(Information shown)

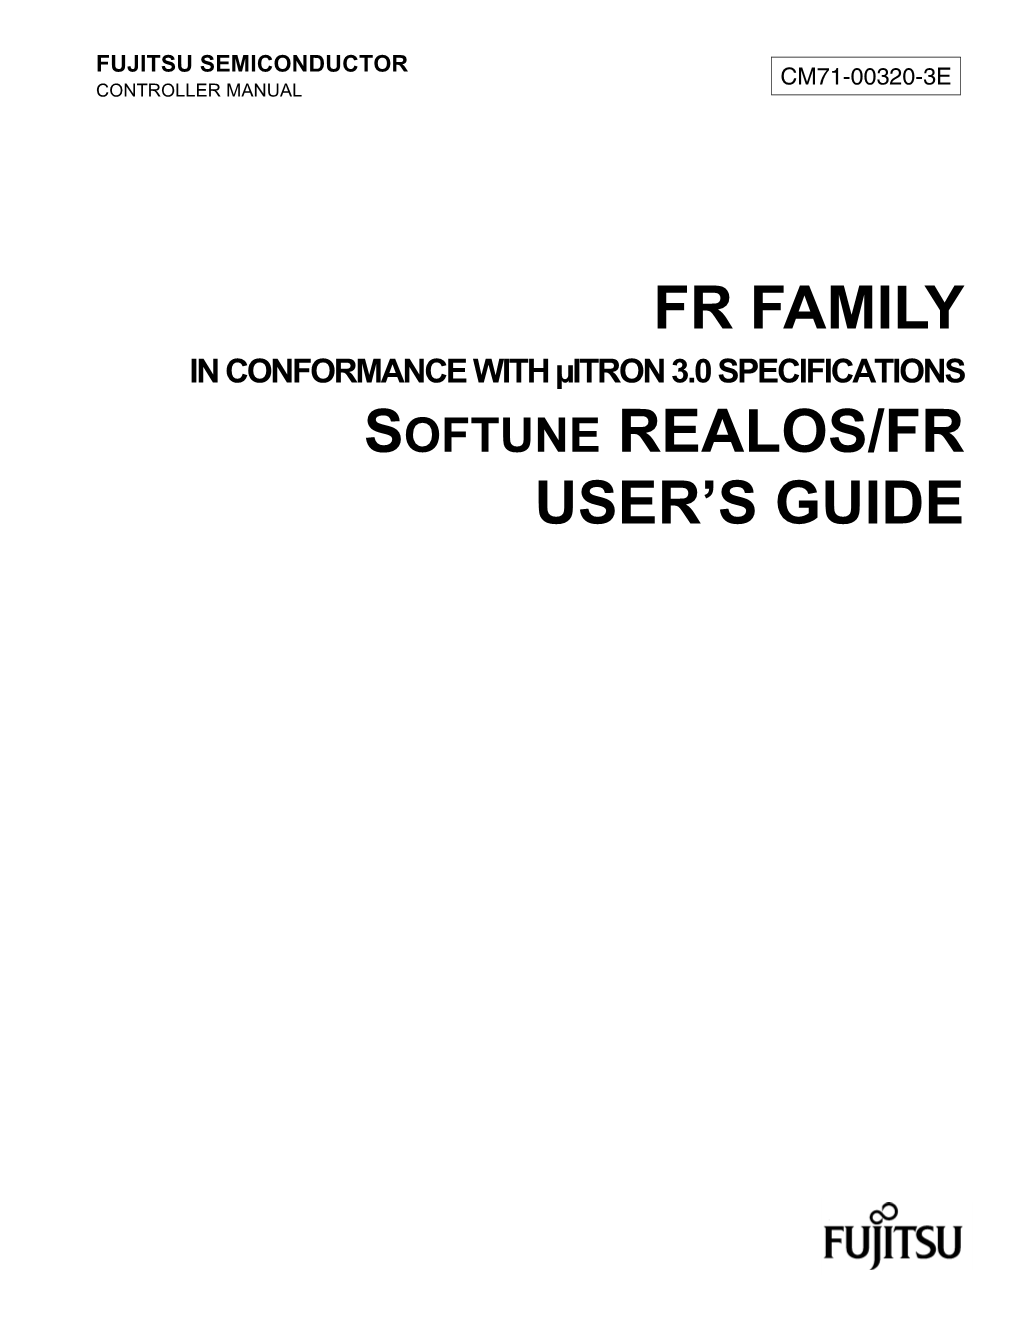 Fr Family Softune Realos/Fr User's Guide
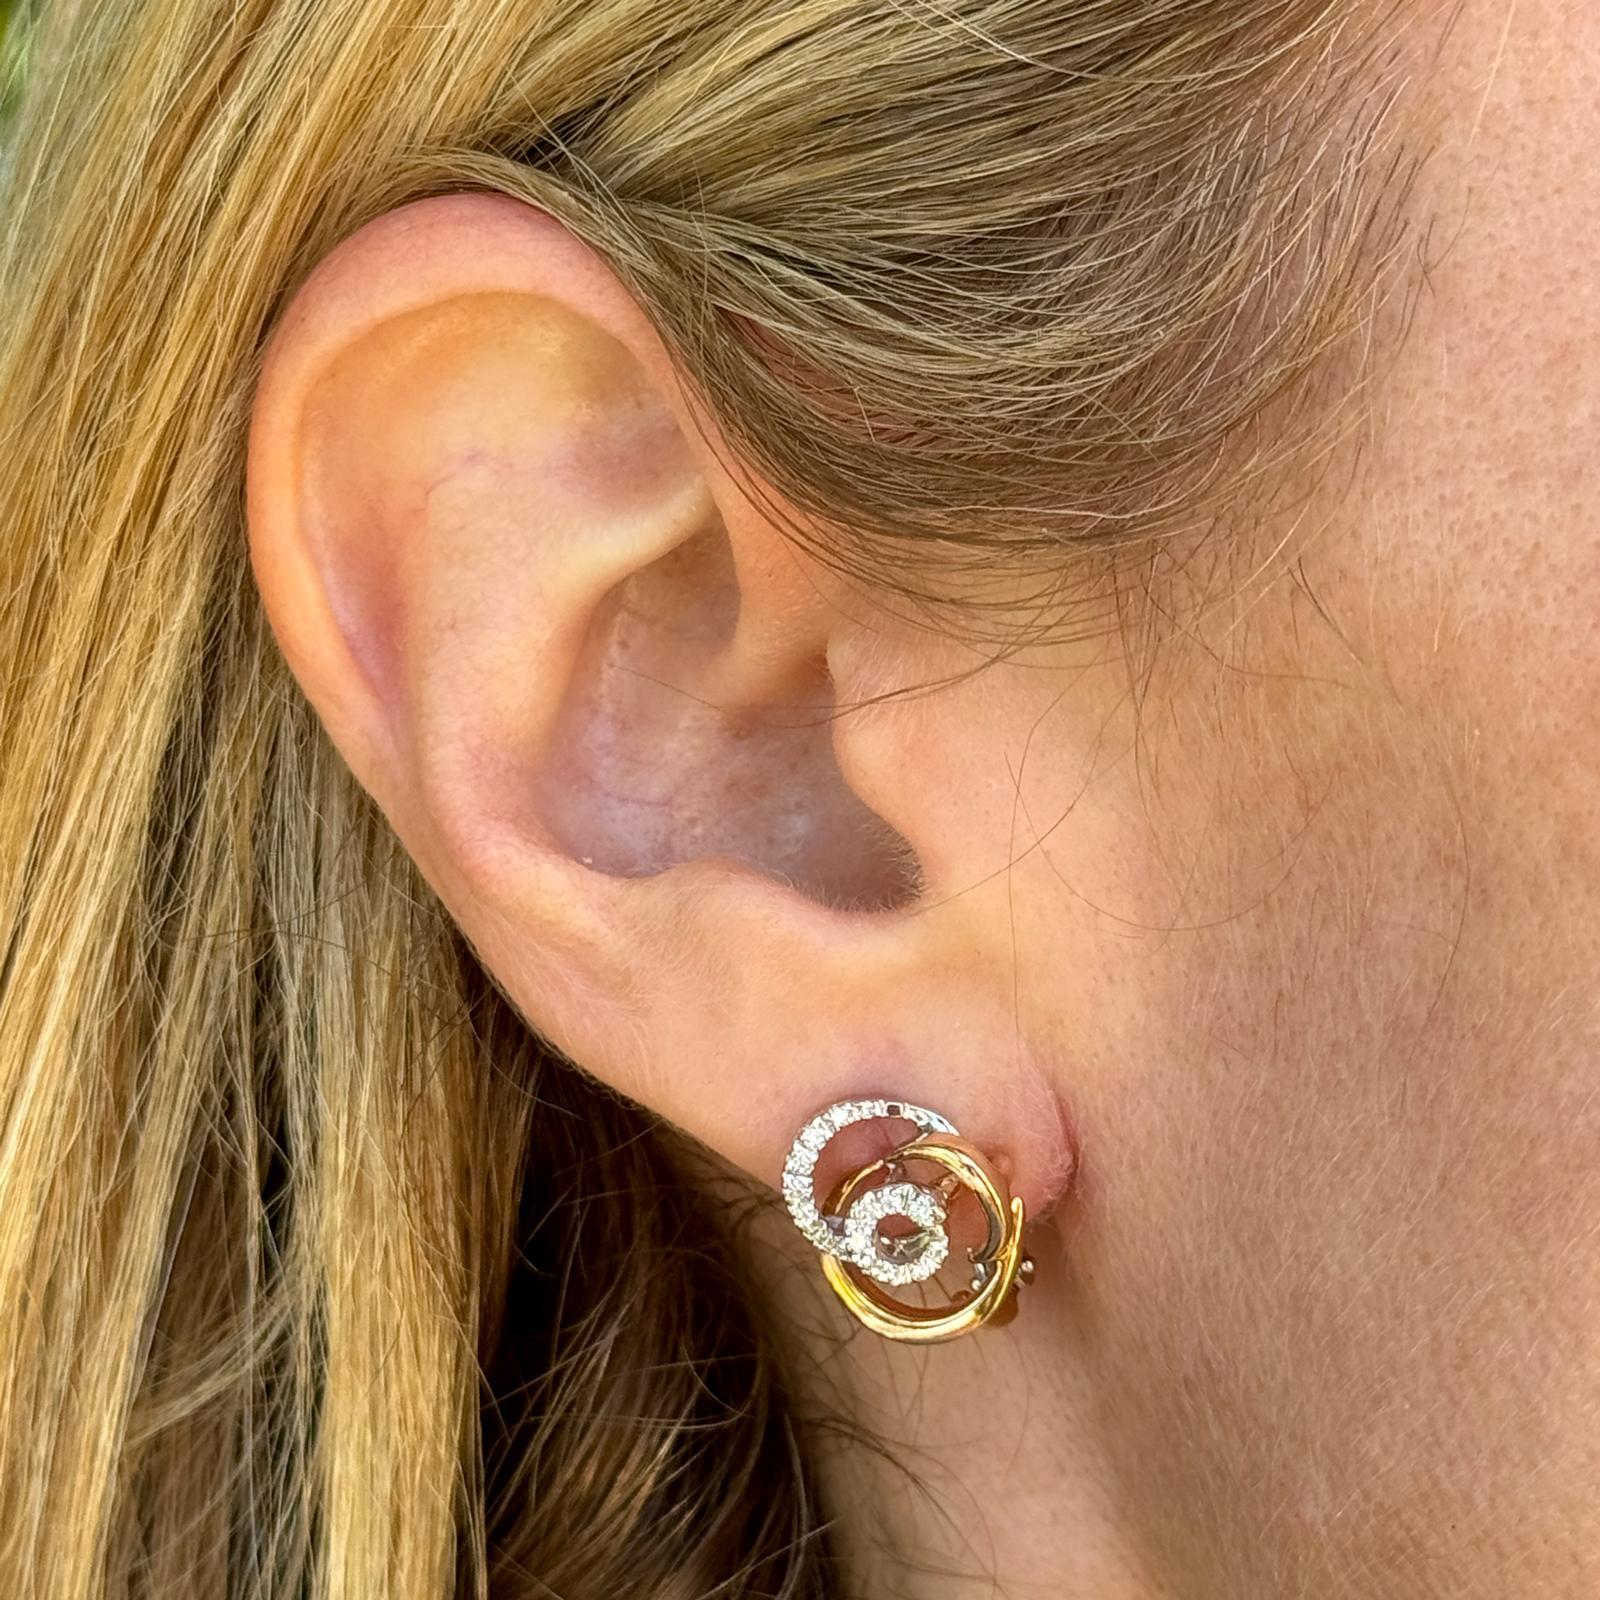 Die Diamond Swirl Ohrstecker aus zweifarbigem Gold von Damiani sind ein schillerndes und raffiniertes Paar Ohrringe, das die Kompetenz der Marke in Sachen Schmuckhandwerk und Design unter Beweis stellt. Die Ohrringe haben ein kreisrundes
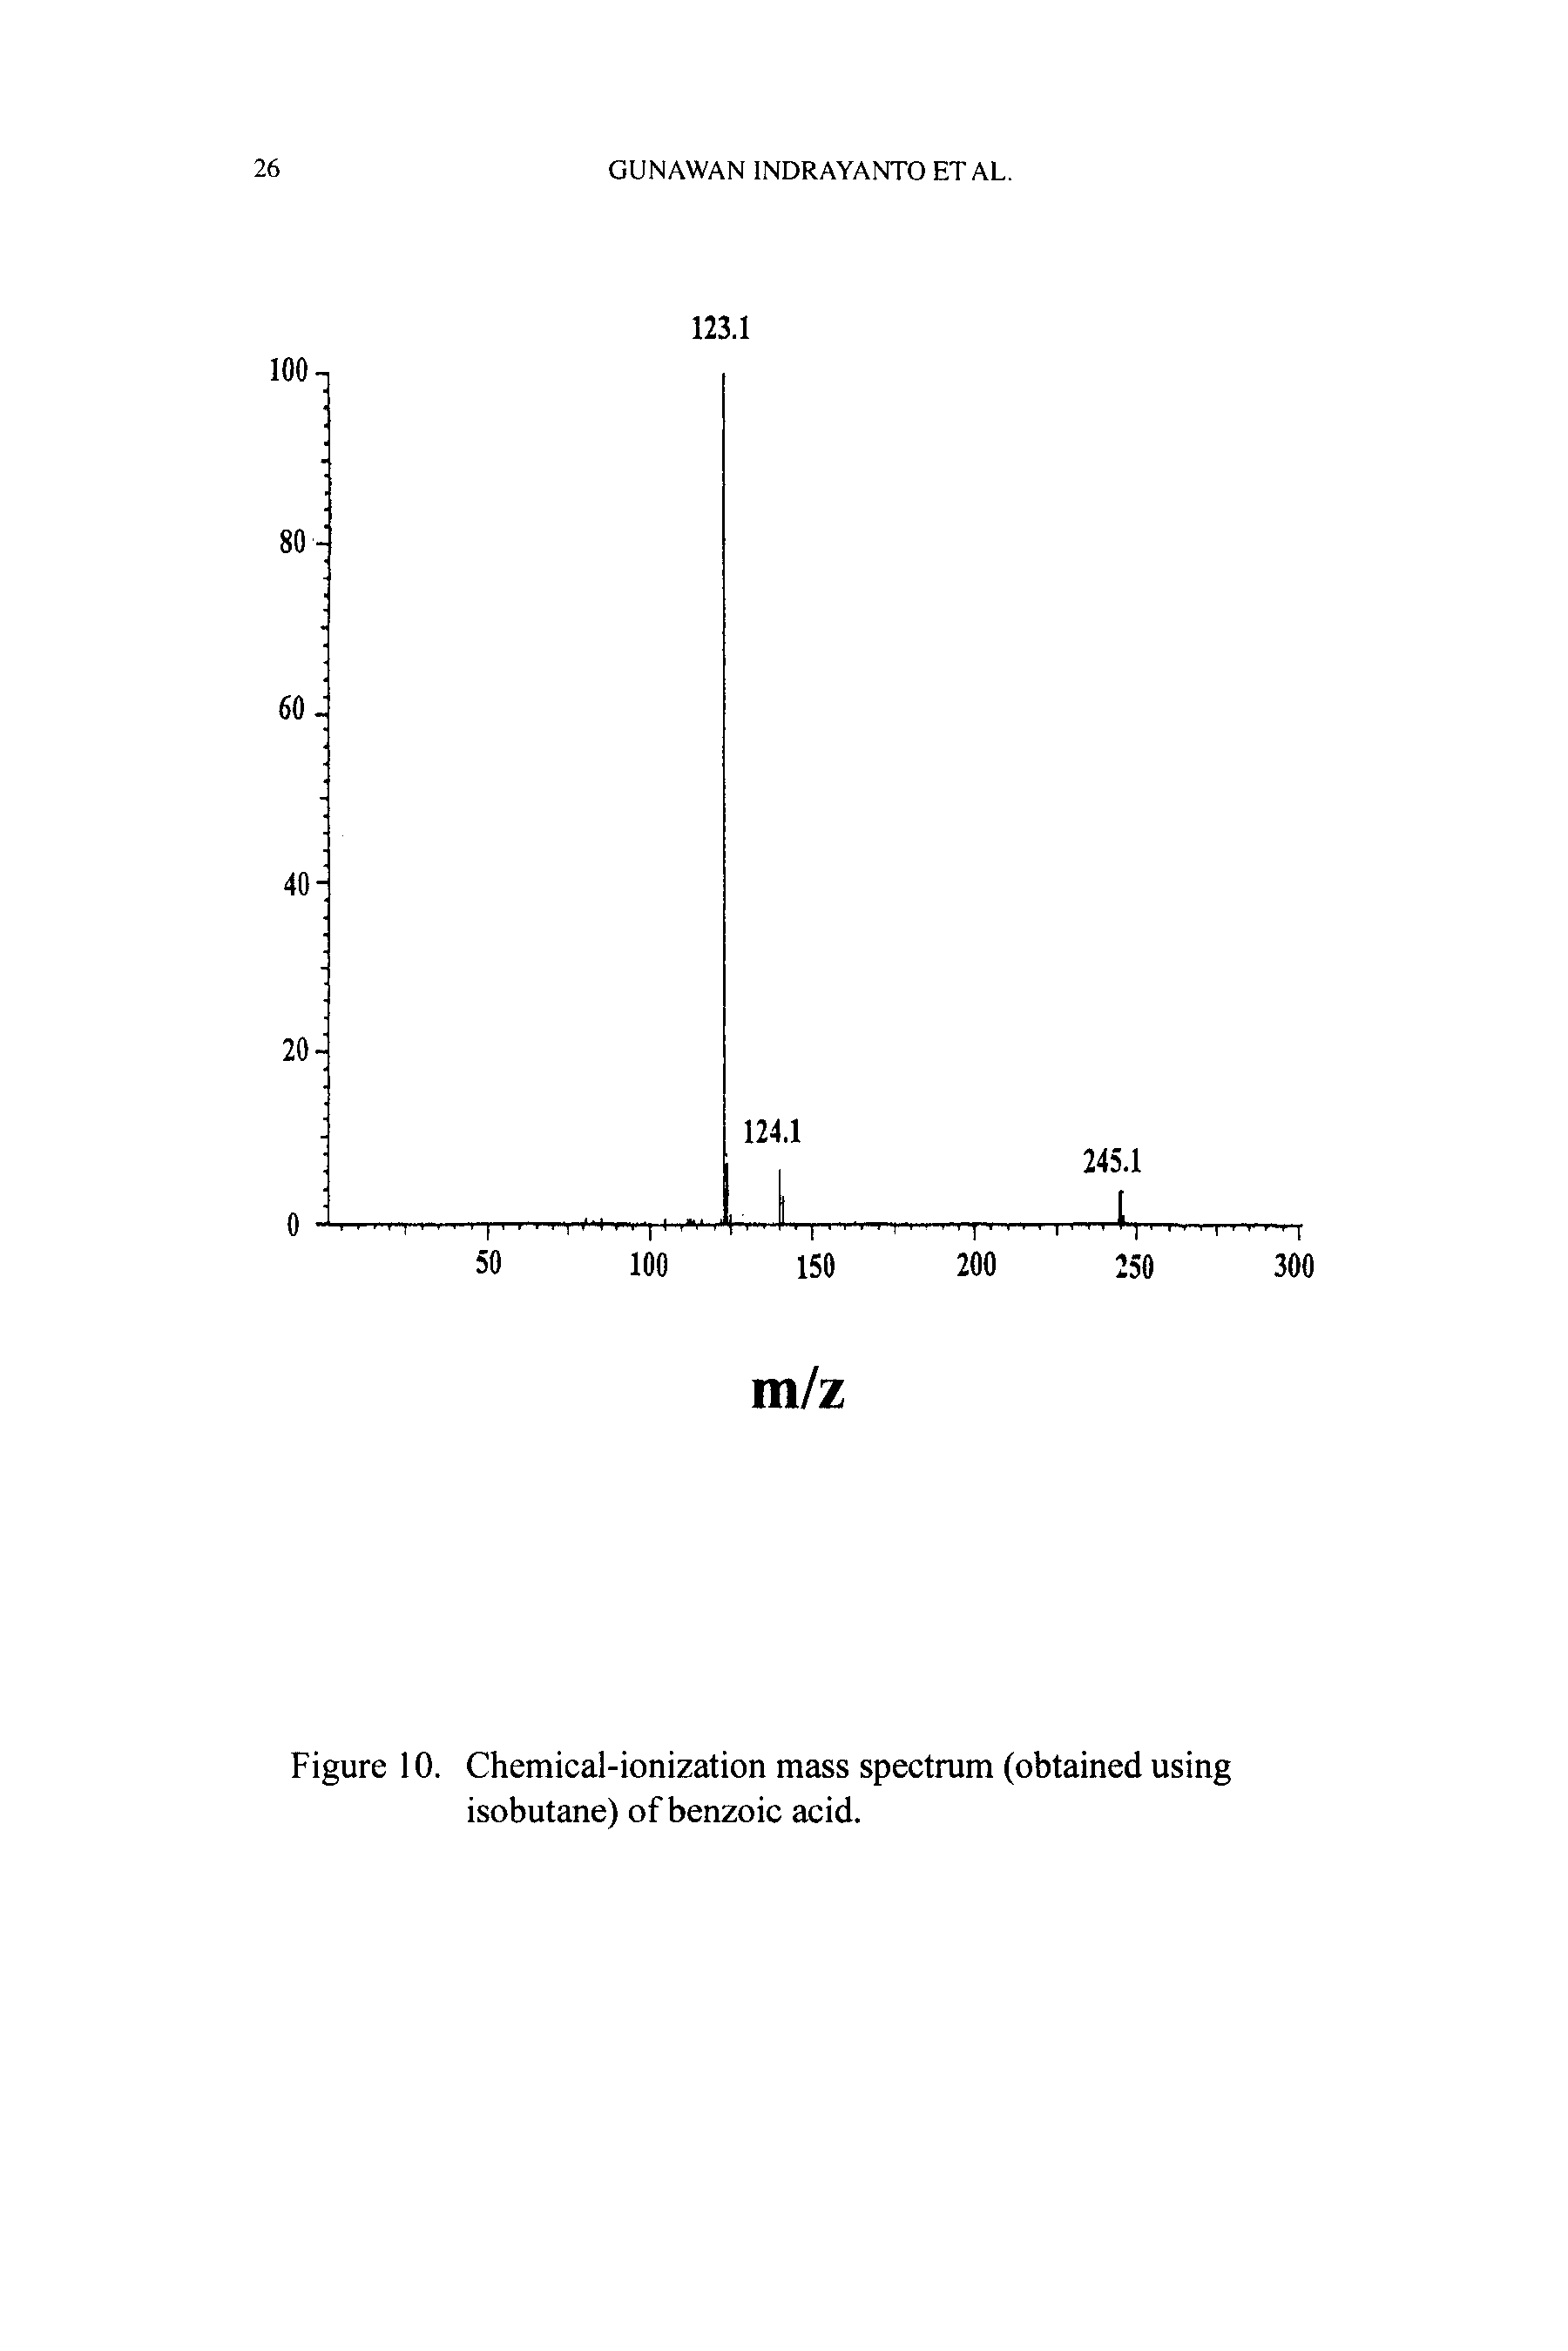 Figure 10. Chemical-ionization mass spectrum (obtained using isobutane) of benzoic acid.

(End Information shown)

Everything in the data except the pictures must be transcribed exactly.

Worked solution
 Fr Family Softune Realos/Fr User's Guide
 Die Diamond Swirl Ohrstecker aus zweifarbigem Gold von Damiani sind ein schillerndes und raffiniertes Paar Ohrringe, das die Kompetenz der Marke in Sachen Schmuckhandwerk und Design unter Beweis stellt. Die Ohrringe haben ein kreisrundes
 Figure 10. Chemical-ionization mass spectrum (obtained using isobutane) of benzoic acid.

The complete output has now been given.